Please copy all of the data that follows exactly, leaving any pictures out.

> **GIVEN INFORMATION**:
════

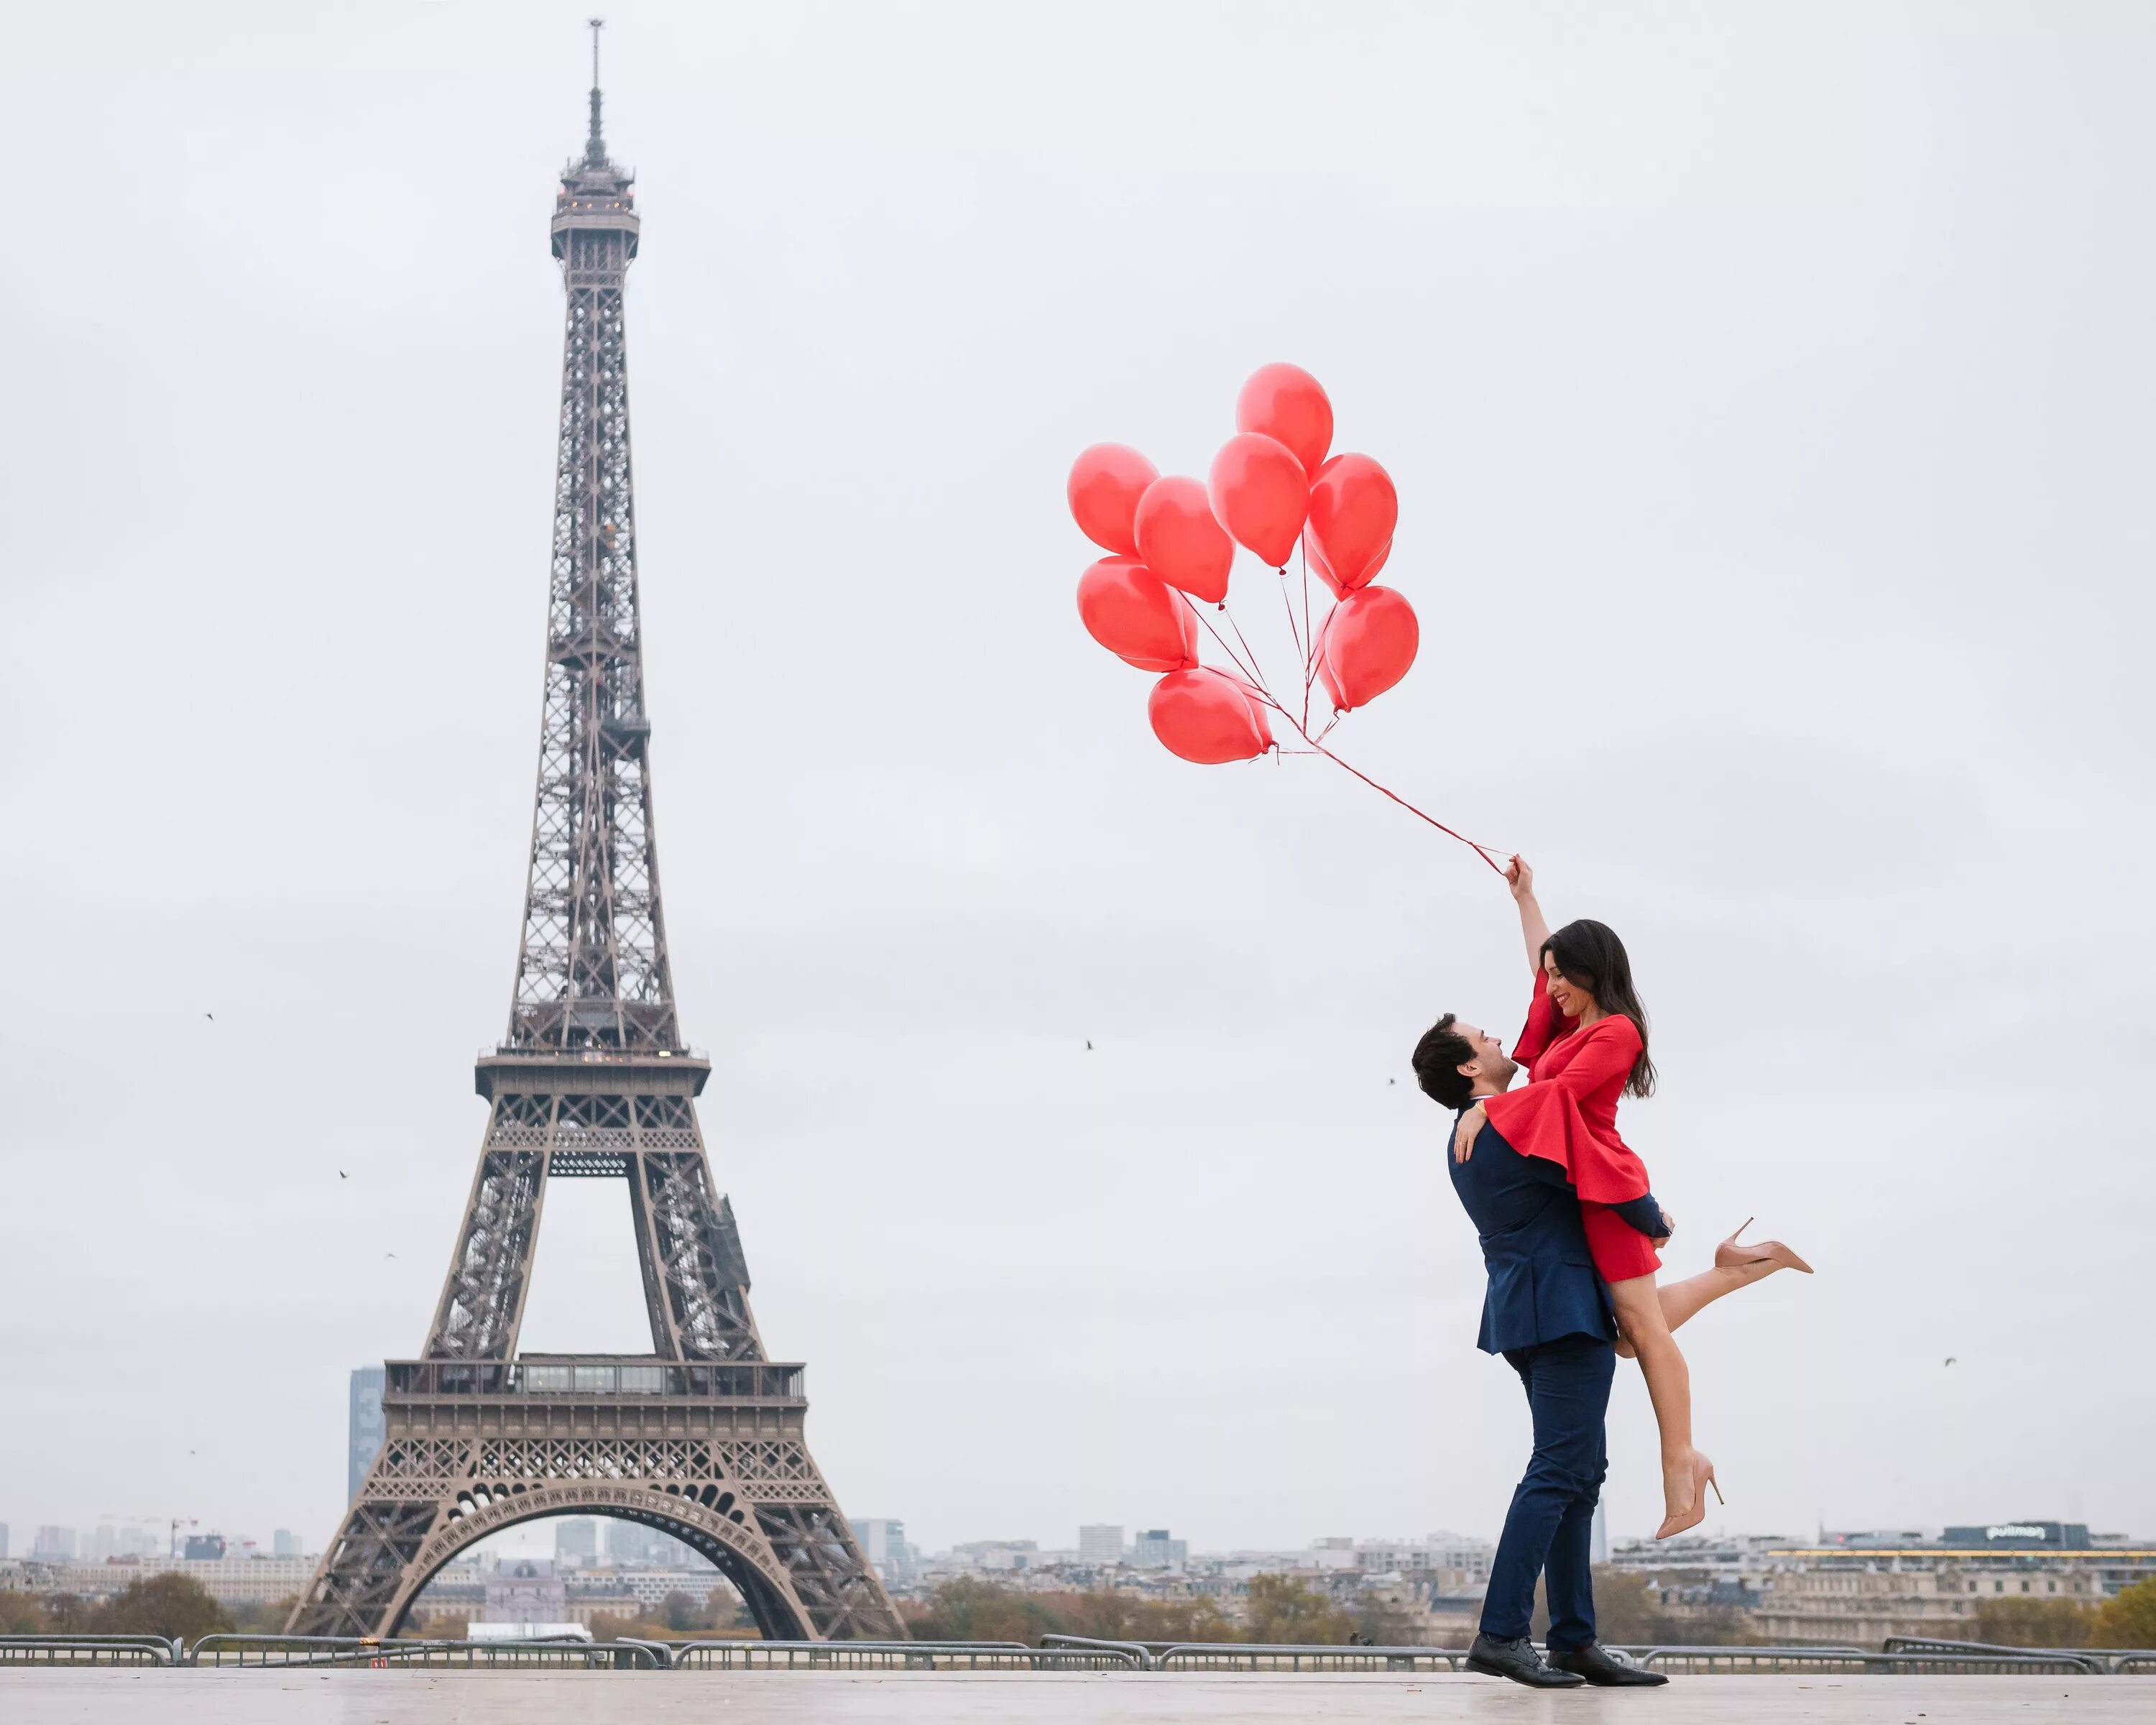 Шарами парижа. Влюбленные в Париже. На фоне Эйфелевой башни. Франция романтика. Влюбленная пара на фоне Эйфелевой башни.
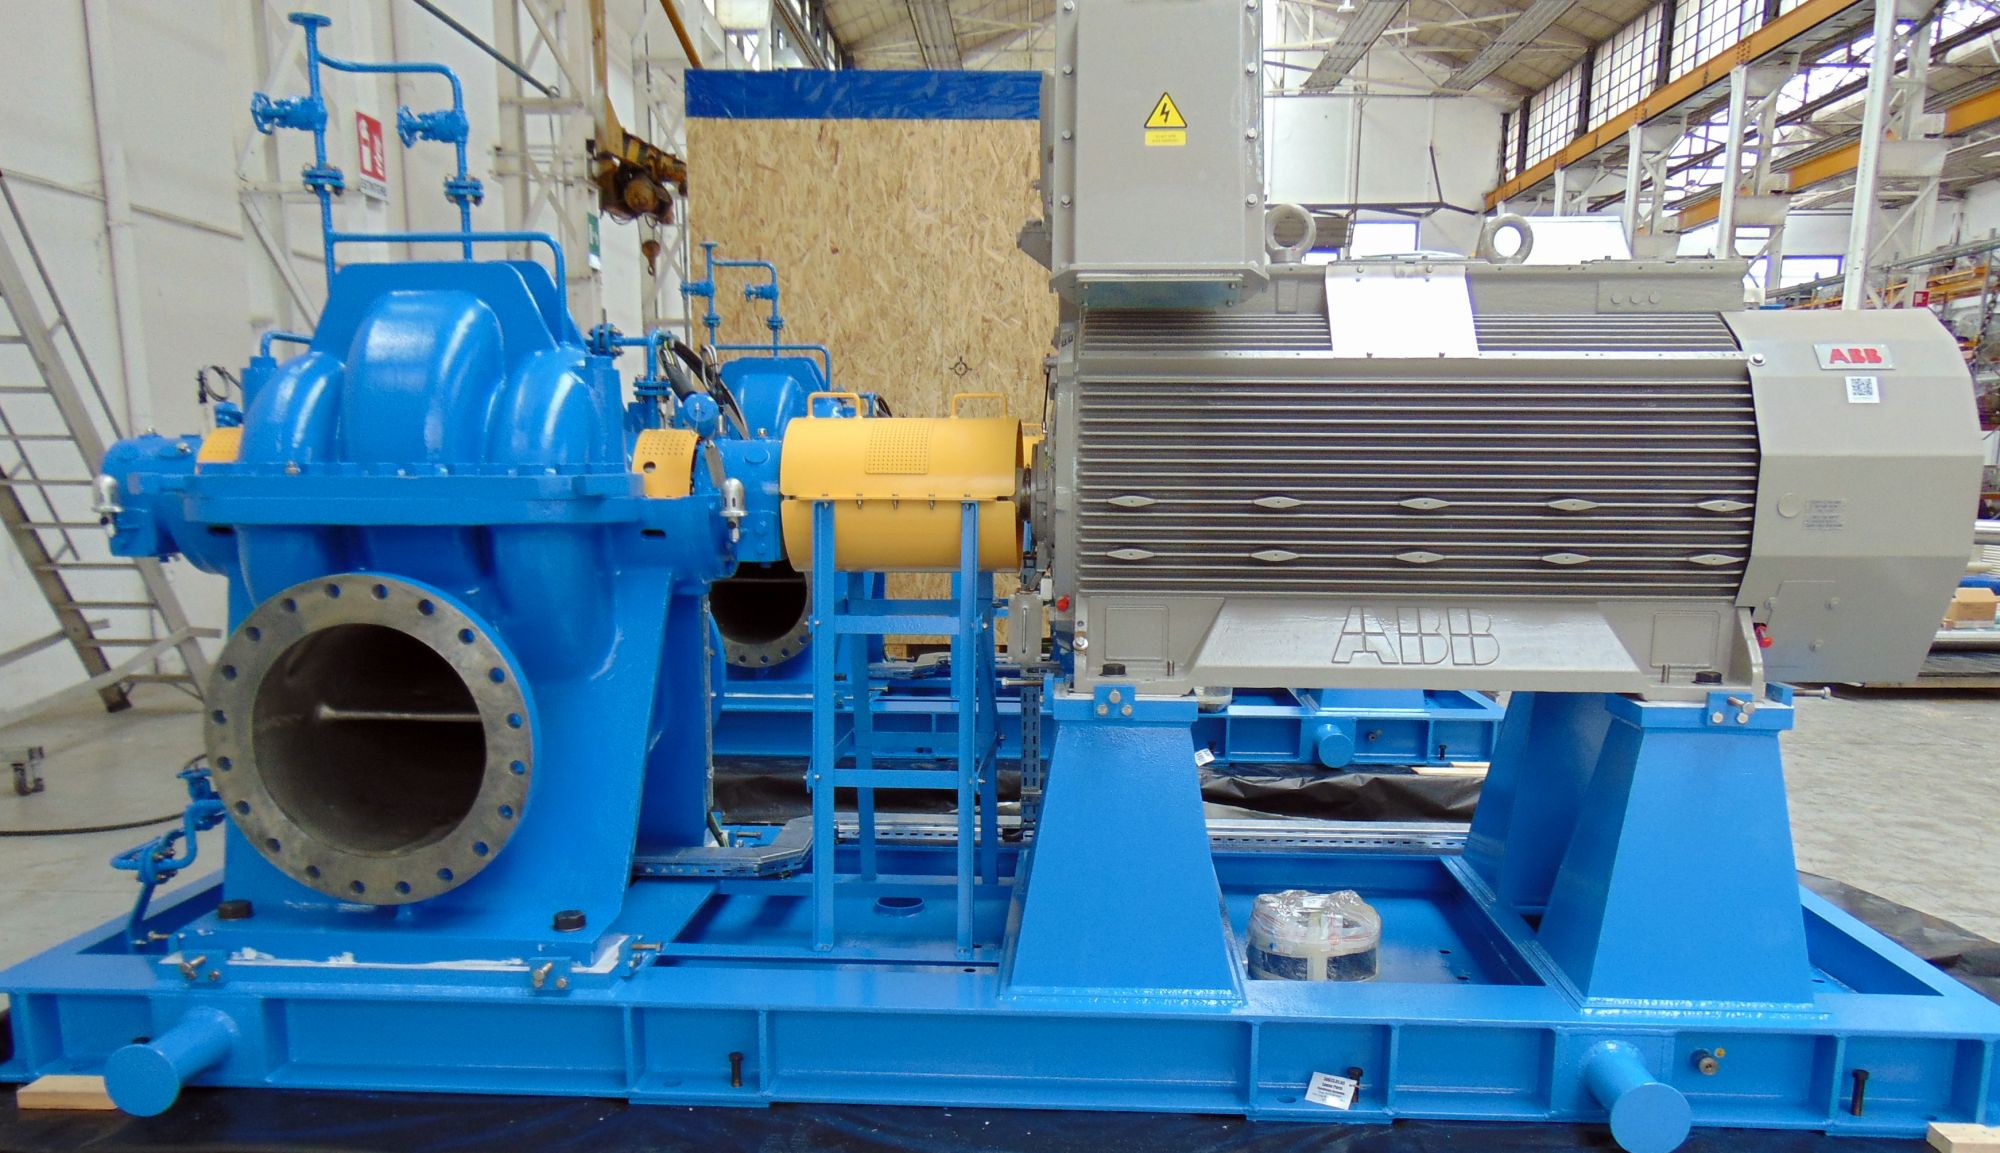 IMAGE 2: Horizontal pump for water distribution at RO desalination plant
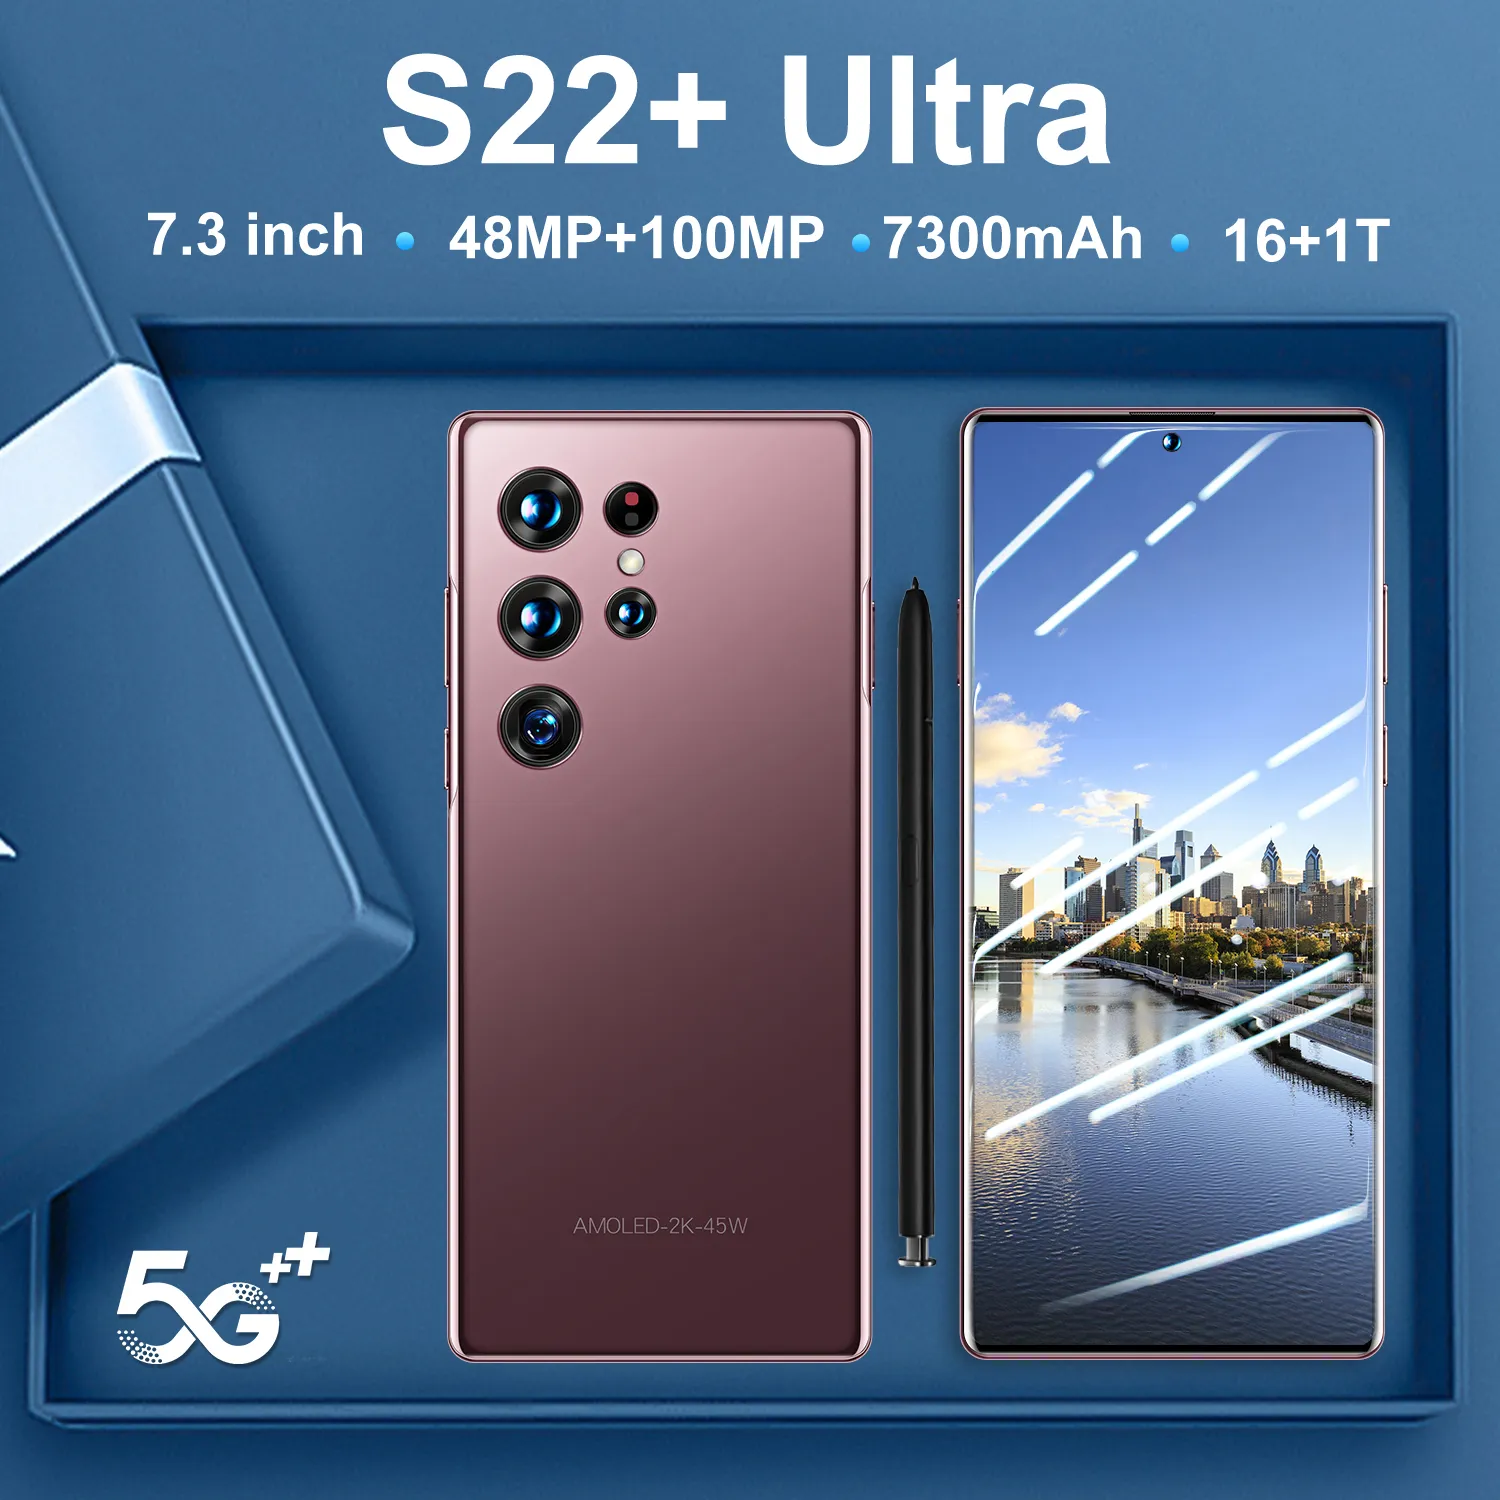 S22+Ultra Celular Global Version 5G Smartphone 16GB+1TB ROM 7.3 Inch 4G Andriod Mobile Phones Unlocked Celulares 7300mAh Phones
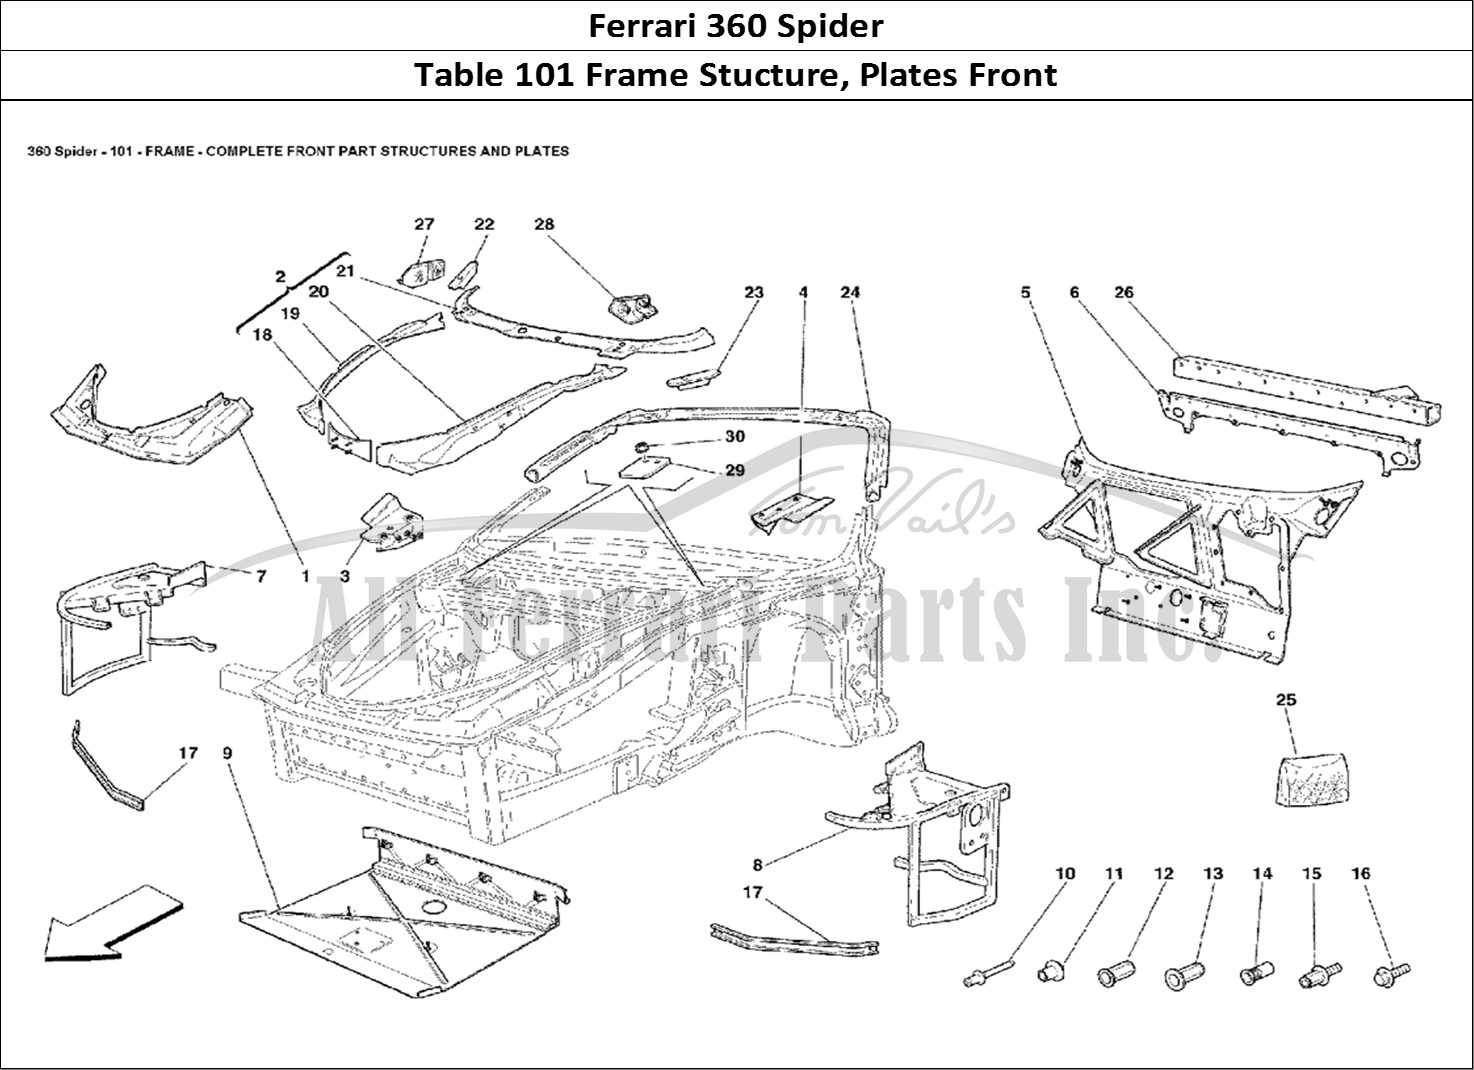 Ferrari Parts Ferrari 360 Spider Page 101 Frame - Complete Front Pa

════

> **TASK SOLUTION**:
 Шарами парижа. Влюбленные в Париже. На фоне Эйфелевой башни. Франция романтика. Влюбленная пара на фоне Эйфелевой башни.
 IMAGE 2: Horizontal pump for water distribution at RO desalination plant
 S22+Ultra Celular Global Version 5G Smartphone 16GB+1TB ROM 7.3 Inch 4G Andriod Mobile Phones Unlocked Celulares 7300mAh Phones
 Ferrari Parts Ferrari 360 Spider Page 101 Frame - Complete Front Pa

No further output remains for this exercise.